LLMs are fast, broad, and characteristically unreliable. Code review, tests, and audit are human-bottlenecked and scale linearly with reviewer attention. LLM output scales 10–100× faster. That mismatch is the trust gap.

Most multi-agent systems being built today default to cooperative patterns: agents that help, vote, and converge. _That is the wrong primitive for correctness._ Cooperation amplifies shared mistakes. Adversaries hunt them.

But adversaries that are never held accountable hallucinate findings as freely as cooperators hallucinate code.

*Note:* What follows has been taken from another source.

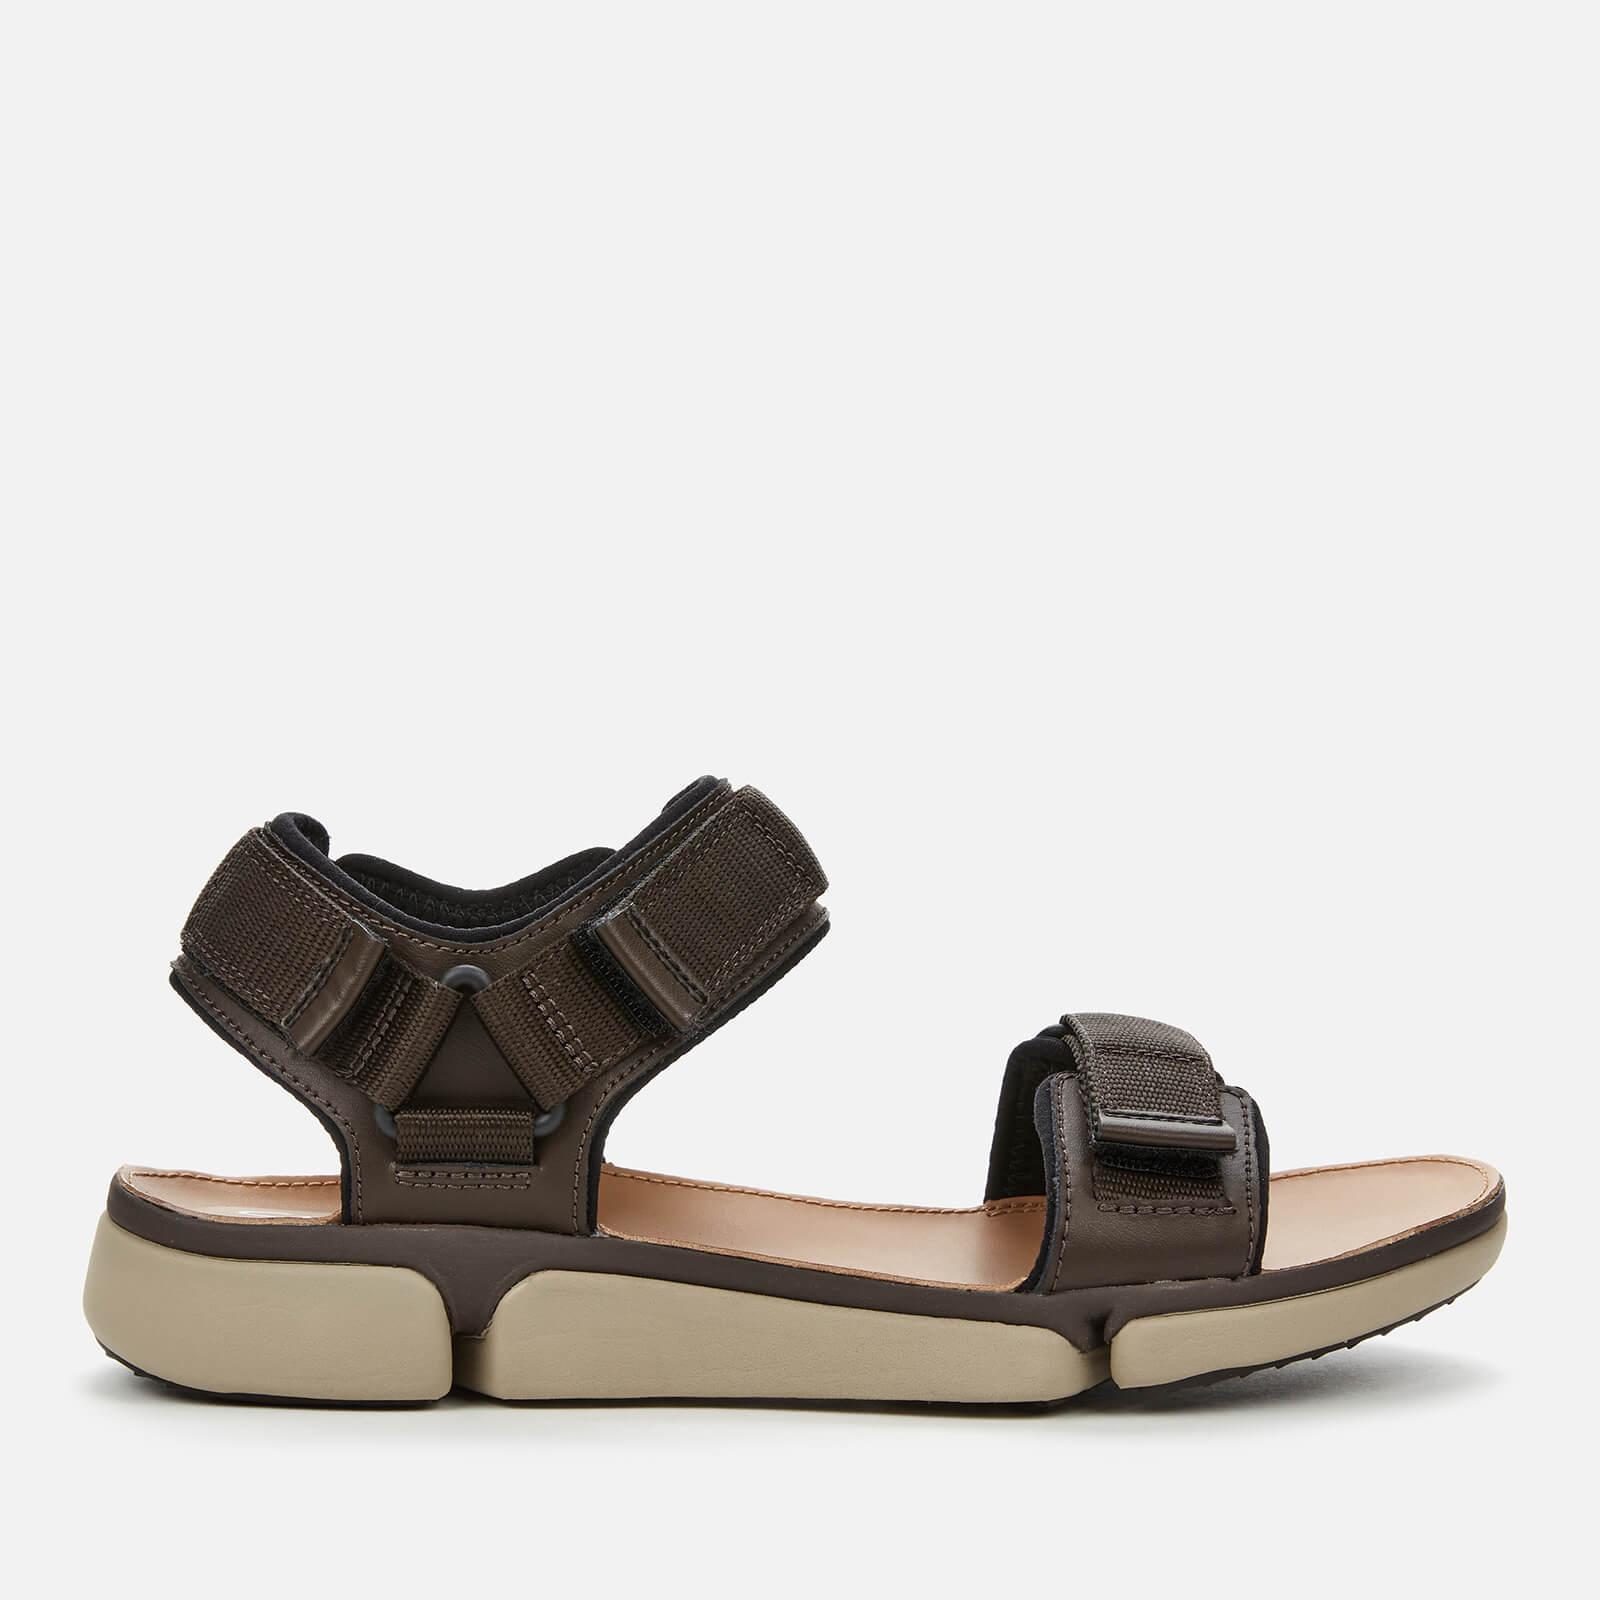 Clarks Men's Tri Cove Trail Outdoor Sandals - Dark Brown Combi - UK 10

Tribunal's bet: trust is a function of three things — surviving adversarial scrutiny, by agents with verifiable identity, whose history of findings is on the public record.

## Documents

- [Methodology](./docs/methodology.md) — the load-bearing design doc

- [Incentive mechanism](./docs/incentive-mechanism.md) — reputation math

- [On-chain protocol](./docs/on-chain-protocol.md) — CosmWasm contract surface (v0.3)

- [Installation](./docs/installation.md) — per-host setup

- [ADRs](./docs/adr/) — architecture decisions

## License

[GNU AGPLv3 or later](./LICENSE). Open-source, copyleft for network use — anyone running this as a service must publish their modifications under the same license.